AVAILABLE DATA:
=== Section Start ===

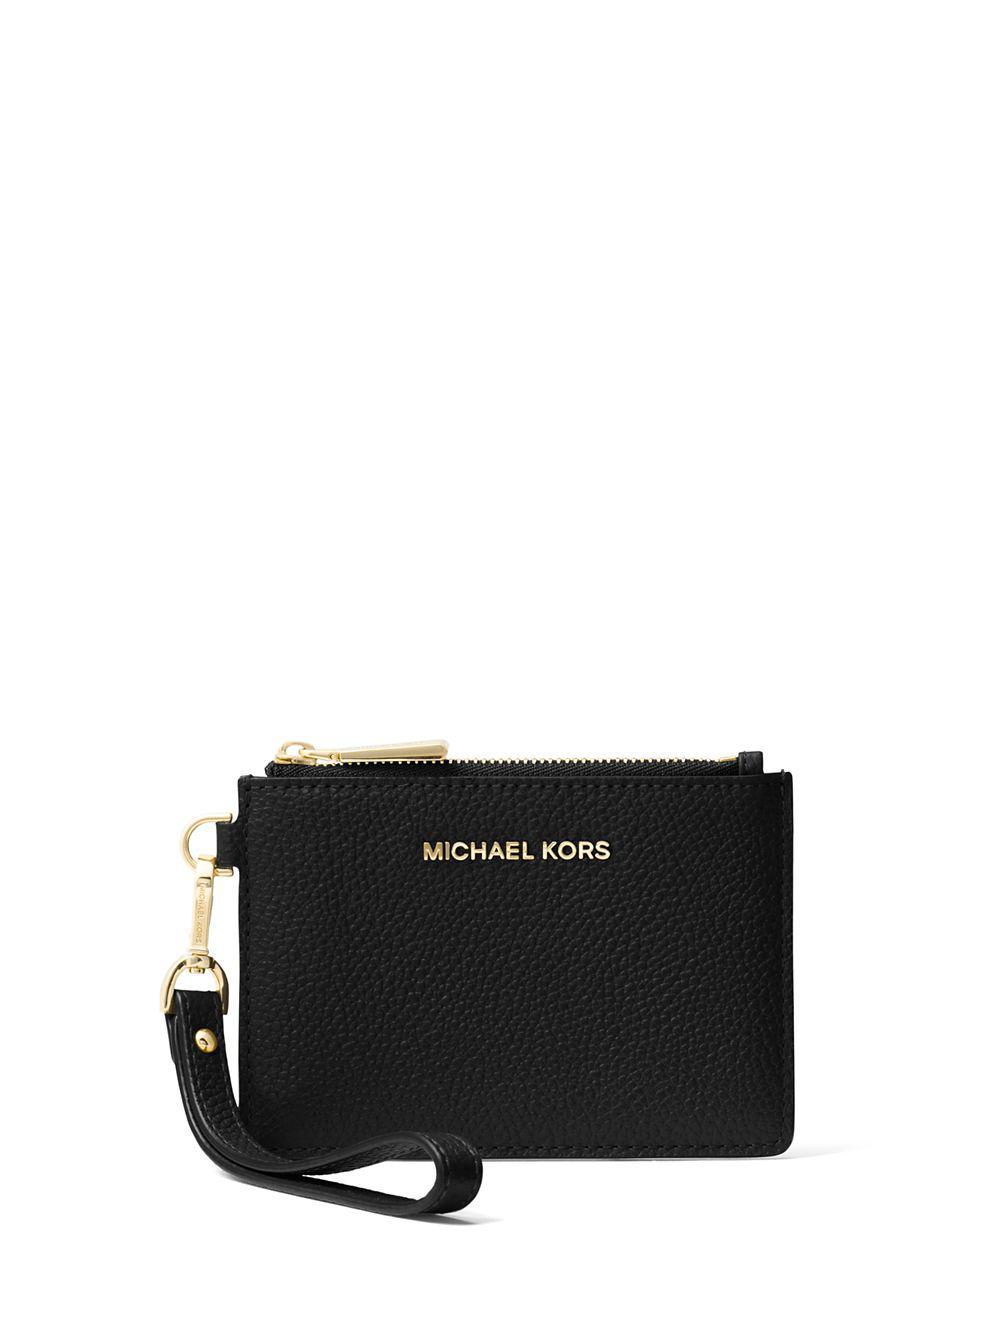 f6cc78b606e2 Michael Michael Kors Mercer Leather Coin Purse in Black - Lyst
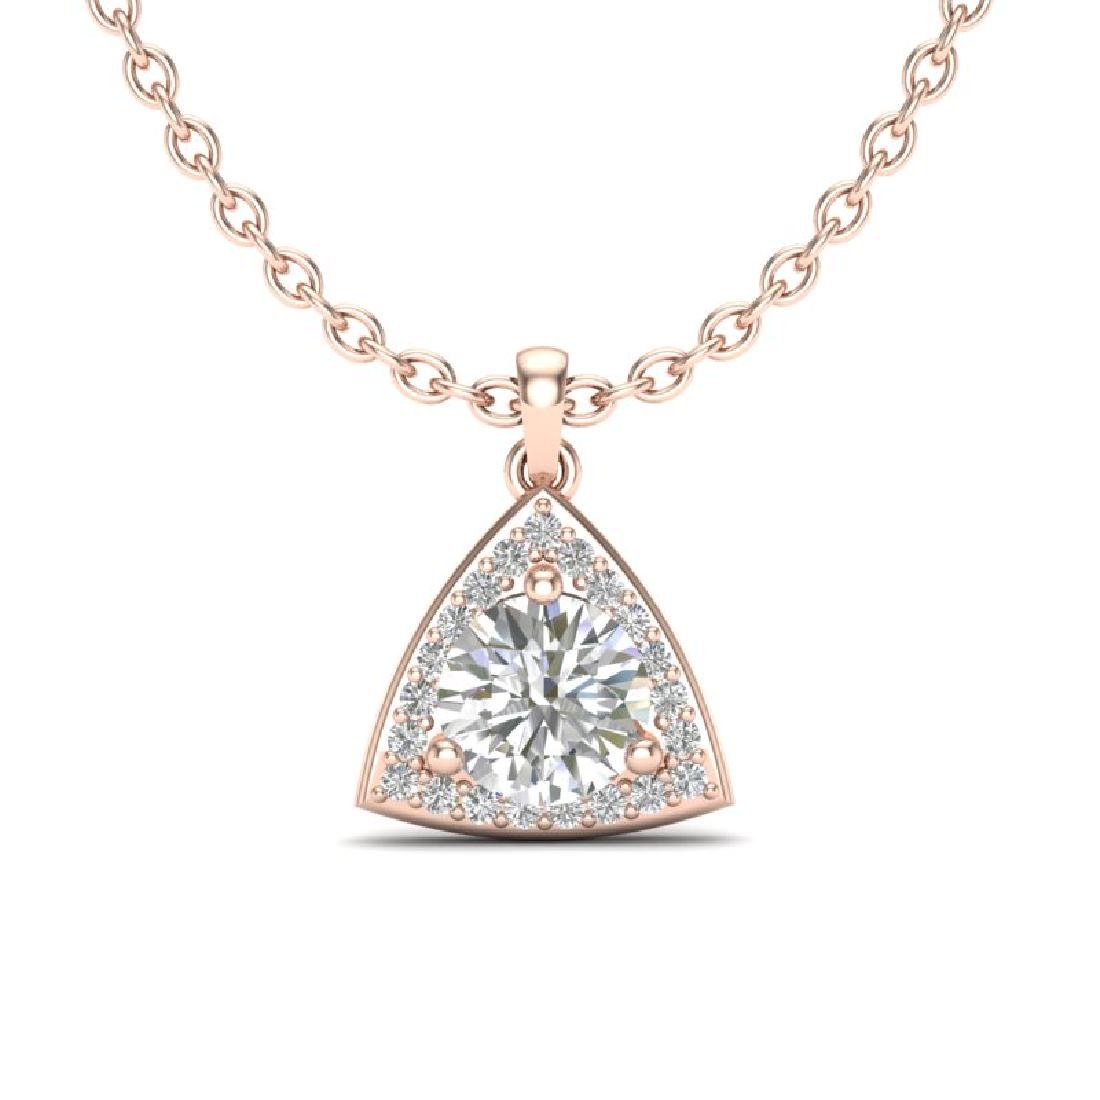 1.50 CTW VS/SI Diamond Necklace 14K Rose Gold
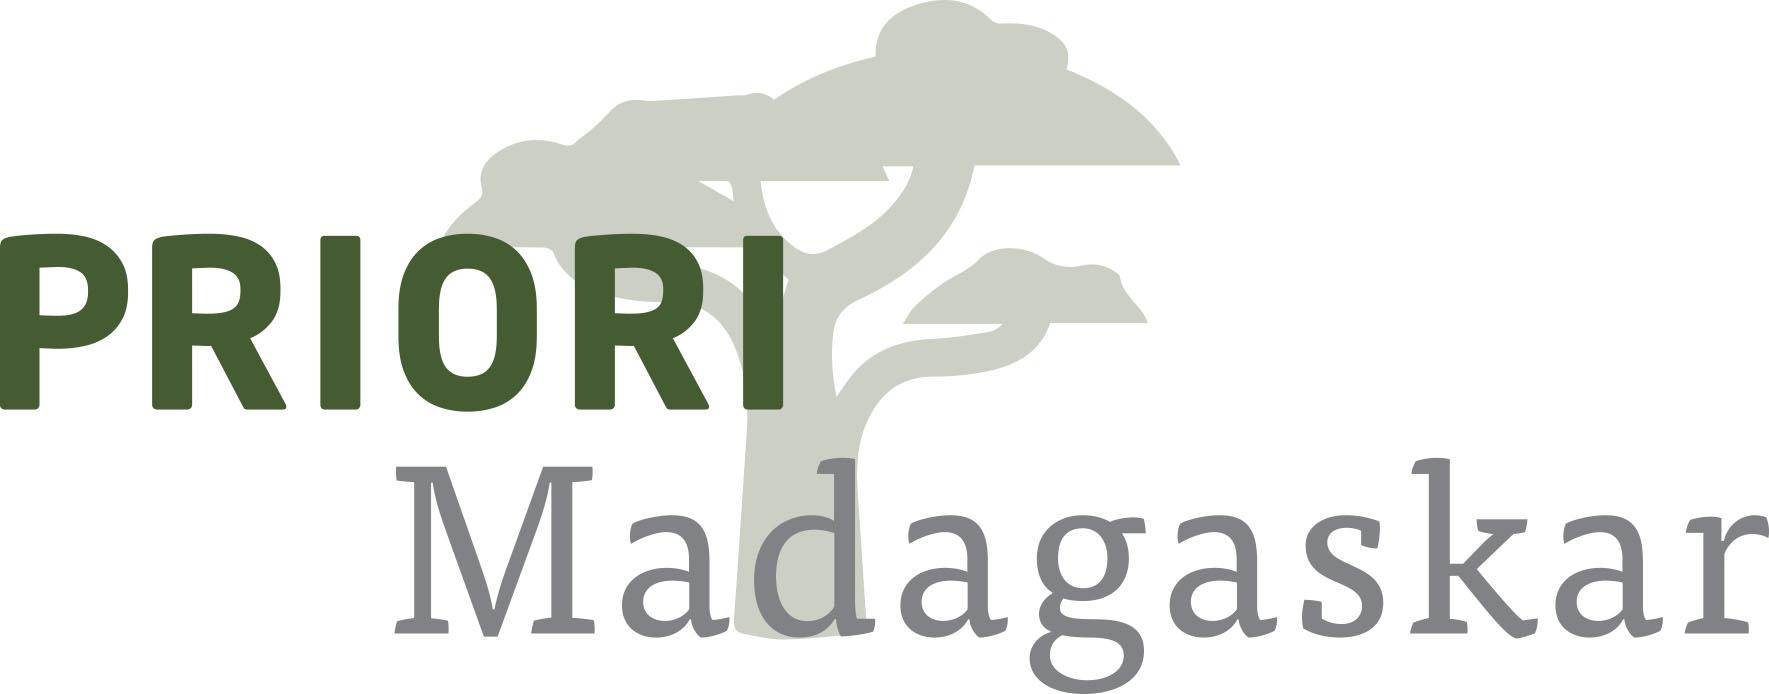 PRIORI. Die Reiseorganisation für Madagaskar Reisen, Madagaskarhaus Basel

=== Section End ===

EXERCISE OBJECTIVE: Your task is to quote exactly the lines from the one with "1.50 CTW VS/SI" through the end of the material, both included, without reproducing any pictures.

EXERCISE SOLUTION:
 1.50 CTW VS/SI Diamond Necklace 14K Rose Gold
 PRIORI. Die Reiseorganisation für Madagaskar Reisen, Madagaskarhaus Basel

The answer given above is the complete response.